Category Archives: Writing Life

Honest Like Laying Brick

26 Wednesday Feb 2014

Posted by davidjmarsh in Writing Life

≈ Leave a comment

Writing a novel is the most honest work there is.
OK, I’ll dial that back a little. Writing a novel is very honest work.
Modern (corporate) work life is about out-sourcing the dirty work. We must be efficient – doing only what we have to do while securing the most value. Work is about getting money (for us or the company) and then finding ways for that money to make more and do more. Much of this is ethical. It is the way we’ve designed it.
Writing obeys a different set of rules.
Writing is honest work. It is honest like laying brick is honest. Writing is a manual labor. The result of the work is immediately evident. The outcome brings spontaneous judgment. If the work isn’t done well, and the laws of structure aren’t obeyed, the end result will fail.

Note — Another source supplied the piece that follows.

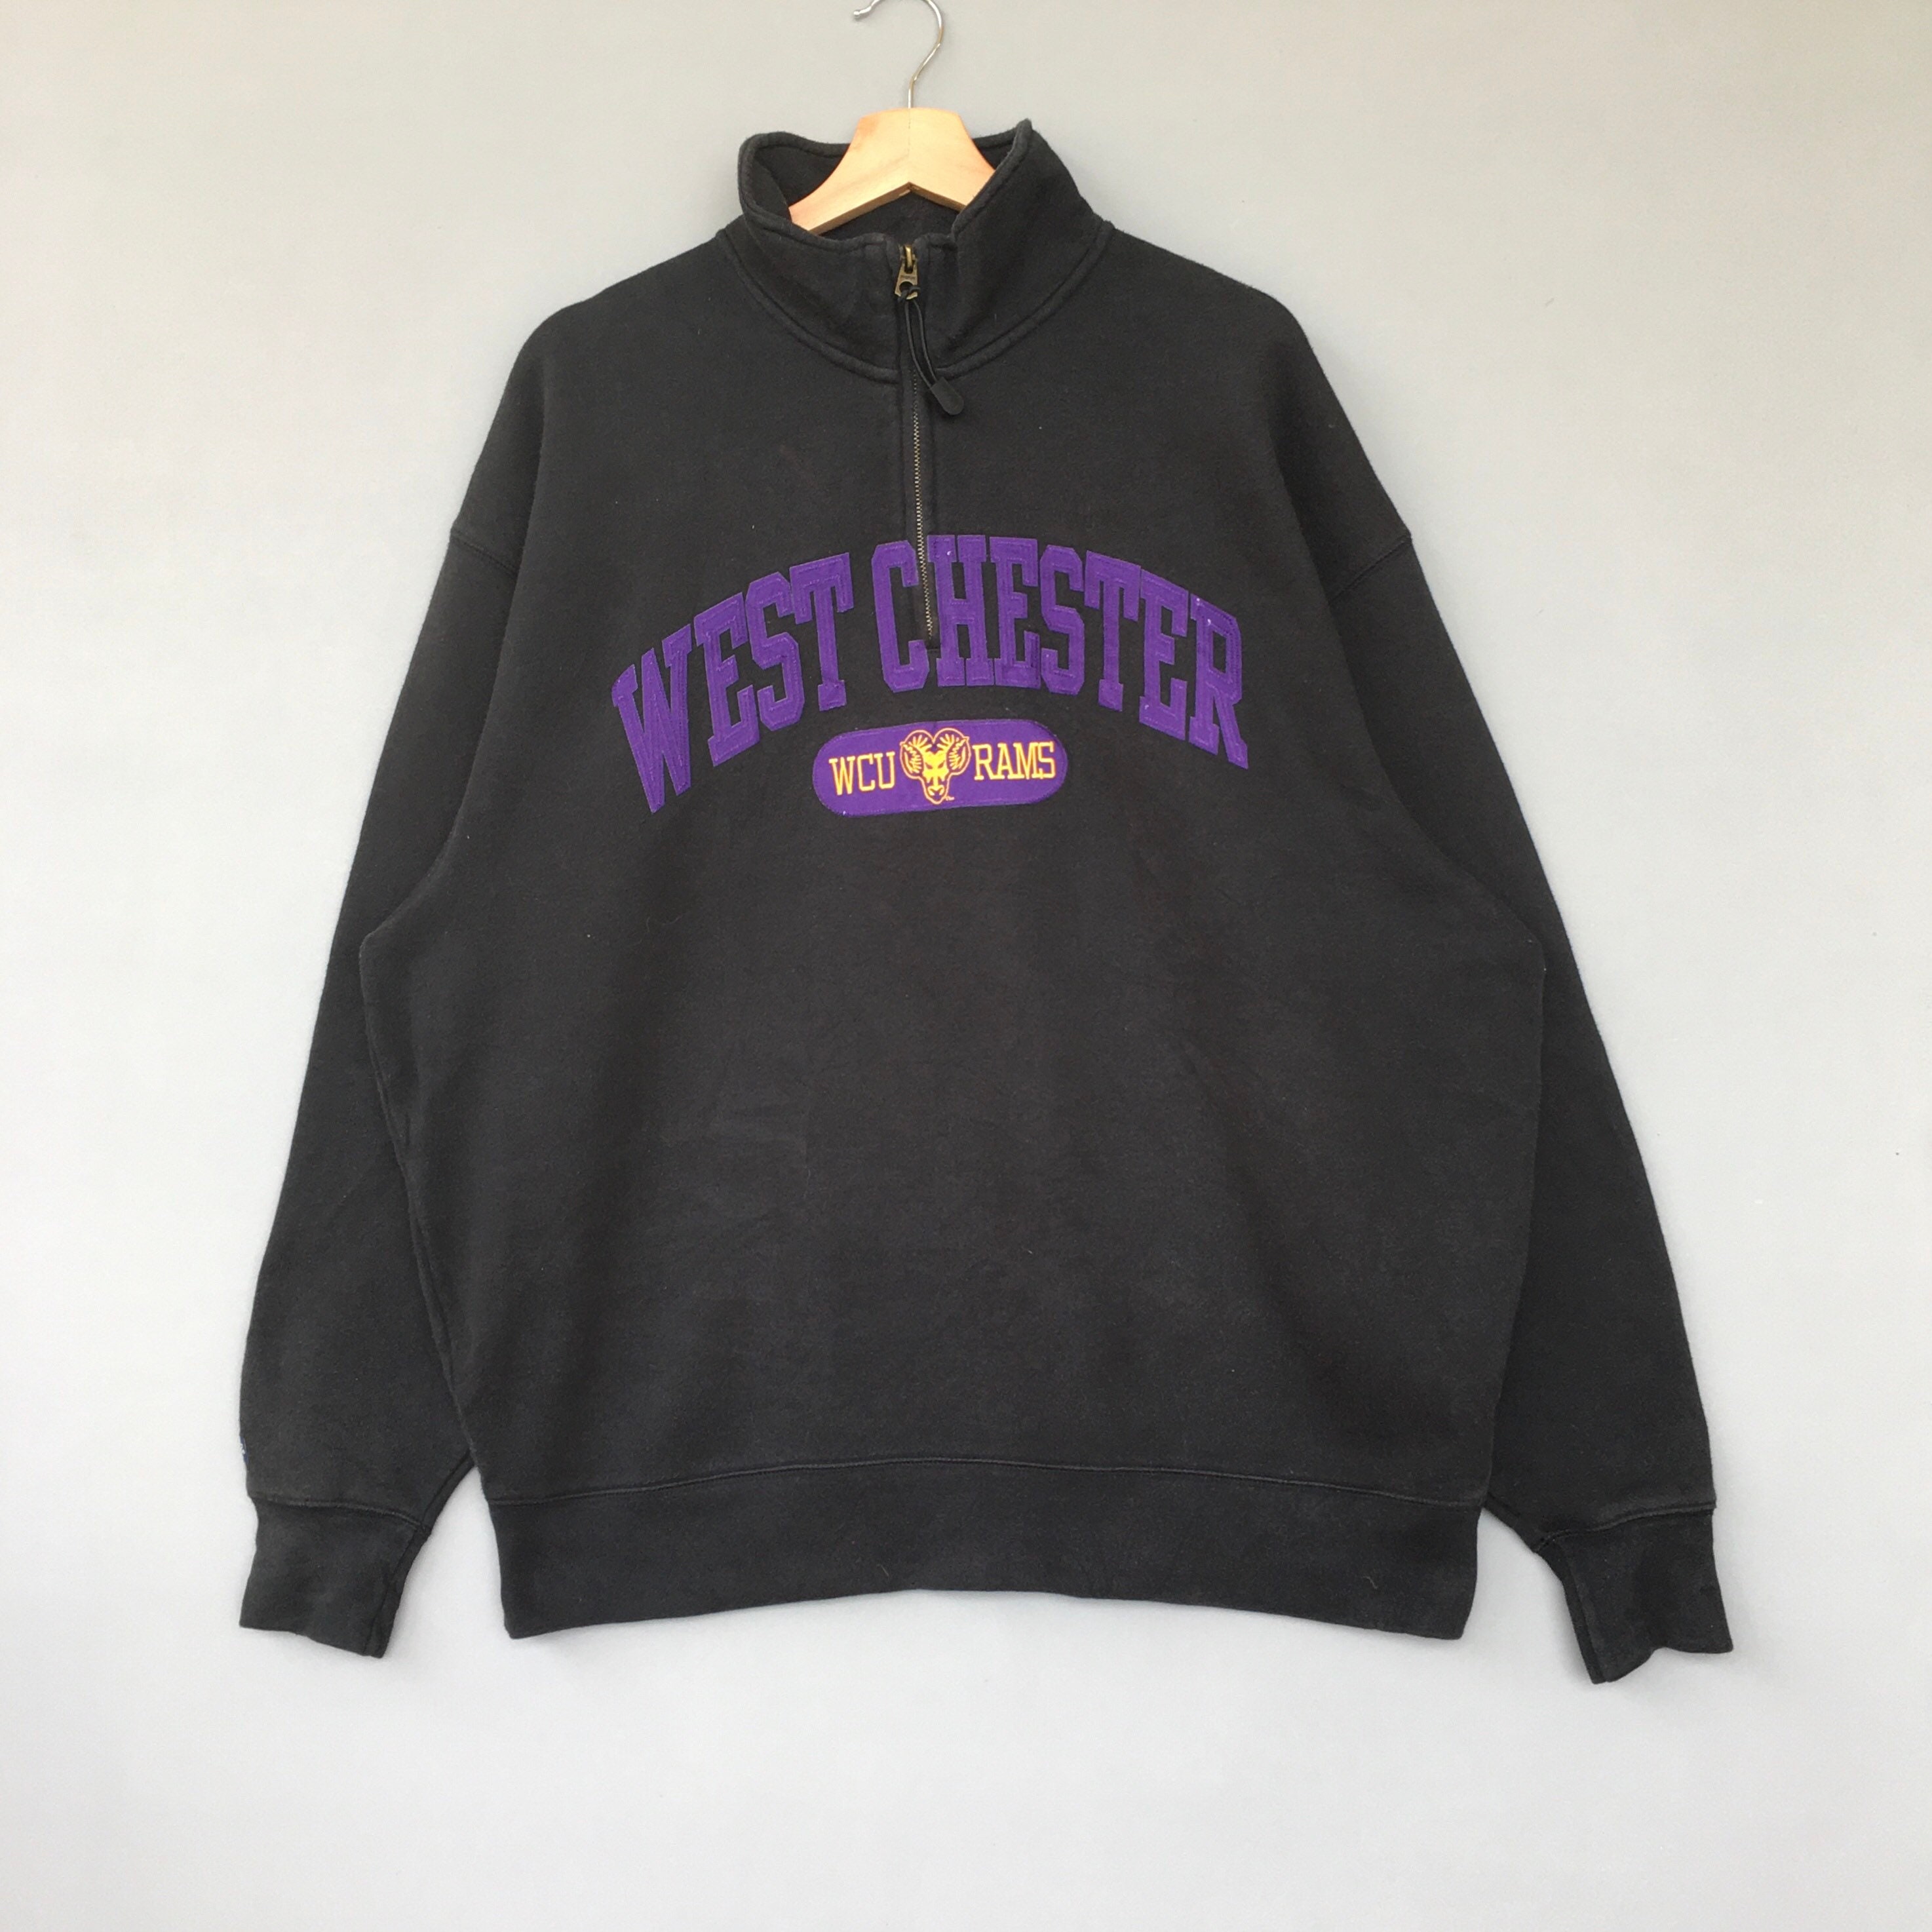 Rare Vintage Jansport West Chester University Sweatshirt Half Zip Pullover Jumper/Wcu Golden Rams Sweatshirt

And fail fast.
Watch. Here is a sentence directly from my most recent draft manuscript:
Once I put my head under the water and came back up I felt the breeze as if it had only just now started.
Now I don’t care how much you read, it should be evident to you, right now, that that sentence is terrible on several levels*. (And that the one I just wrote isn’t much better.)
You can’t fake writing a sentence and you certainly can’t fake a story. The right words must be on the page and in precise order or your work is not done. The work won’t get done unless you sit down and do it. You can’t delegate it or hire some whiz kid fresh out of grad school to run it down for you. And you’re terribly unlikely to pad your 401k by writing books.
Writing is honest work.
There is little opportunity in life to see the instant or lasting results of our work. But like the brick bungalow my great-grandfather designed and built at 2723 W. Hayes Street in Peoria Illinois, with diligence and attention to craft, I too can build walls that won’t fall down.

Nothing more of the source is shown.